**SUPPLIED INFORMATION**
──────

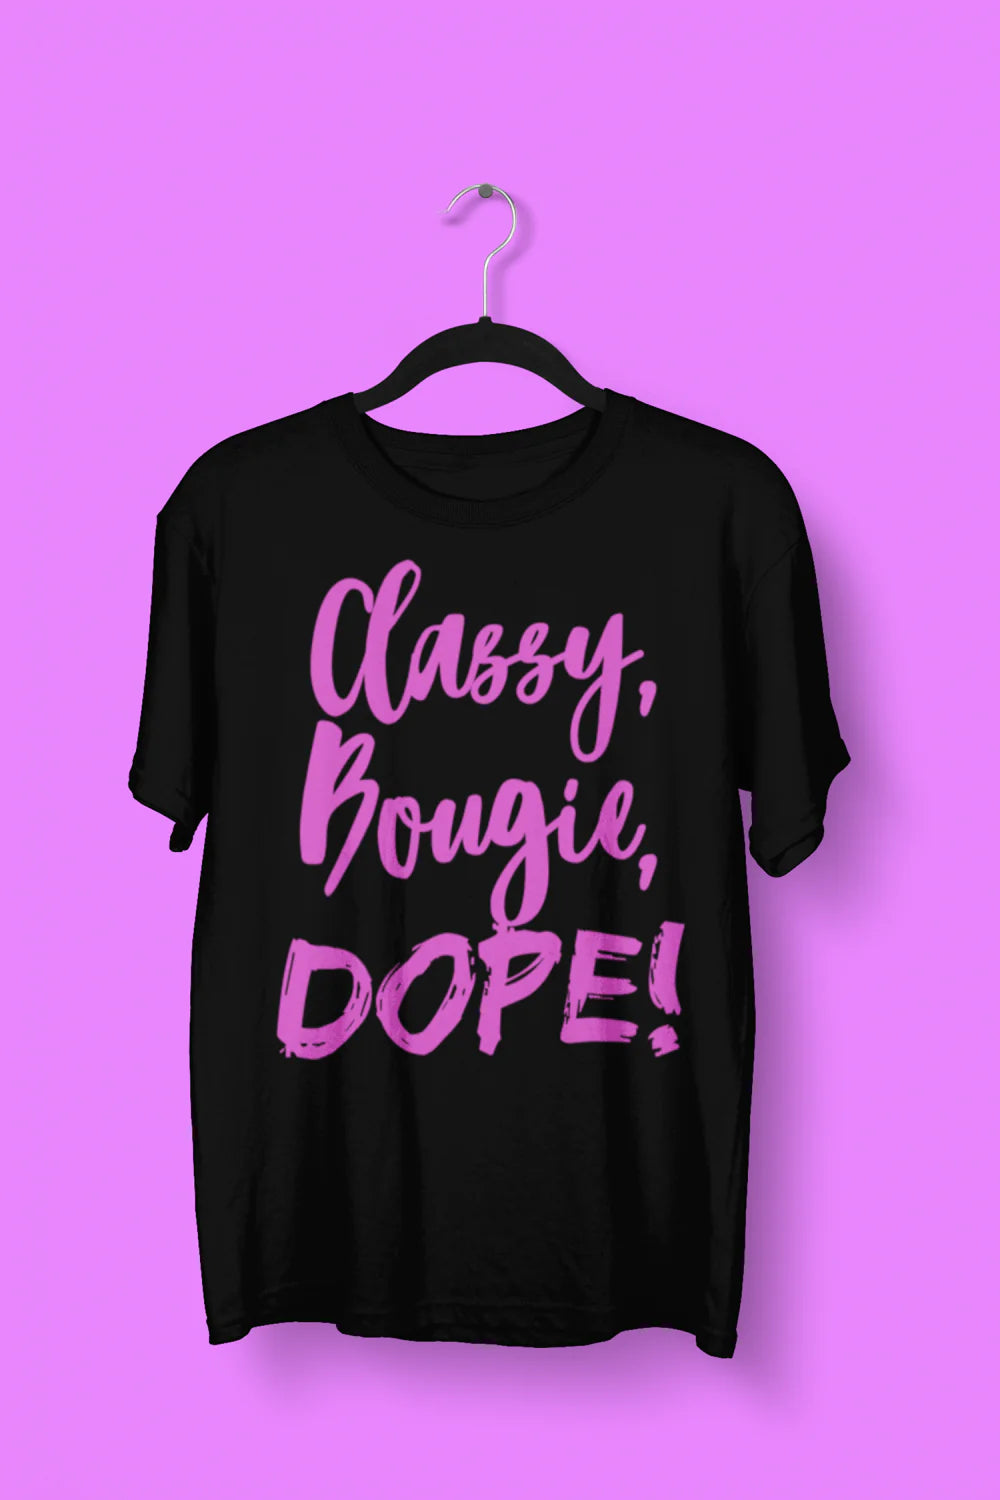 Classy, Bougie, Dope T-Shirt
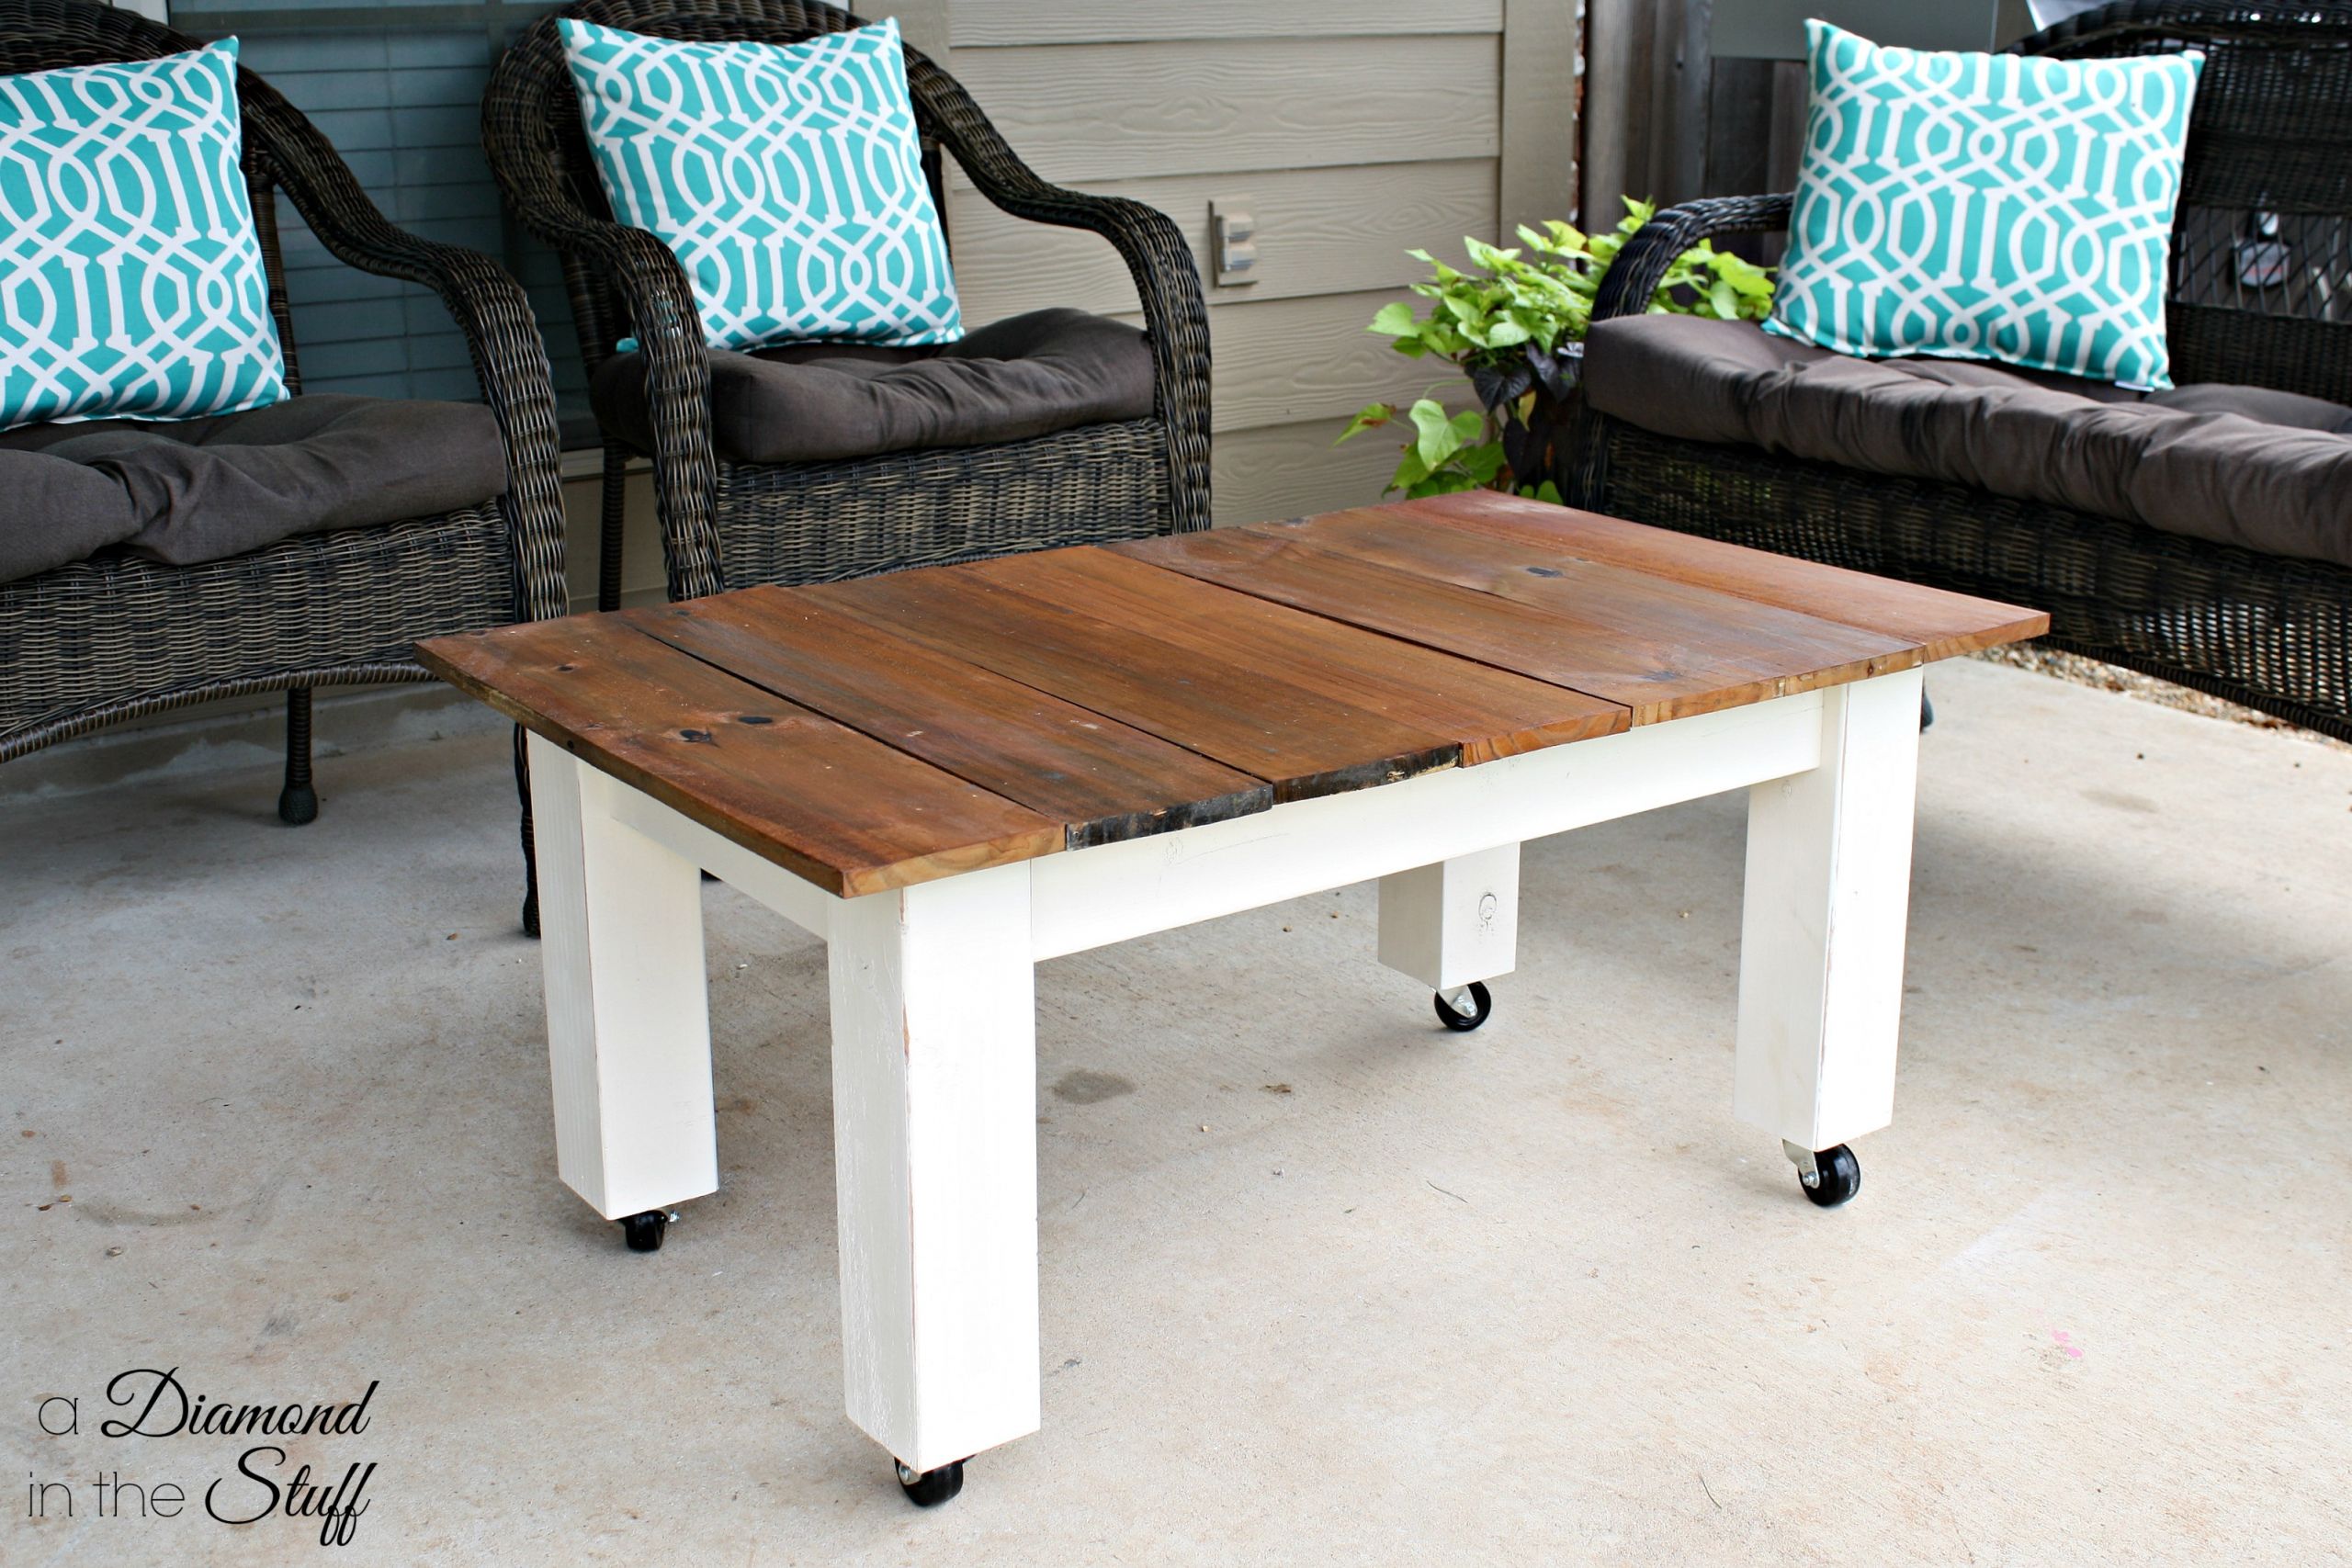 DIY Outdoor Coffee Table
 DIY Outdoor Coffee Table – A Diamond in the Stuff

──────

**ASSIGNMENT**
Leave the images out and give the rest of the data again exactly.

**WRITTEN ANSWER**
 Classy, Bougie, Dope T-Shirt
 DIY Outdoor Coffee Table
 DIY Outdoor Coffee Table – A Diamond in the Stuff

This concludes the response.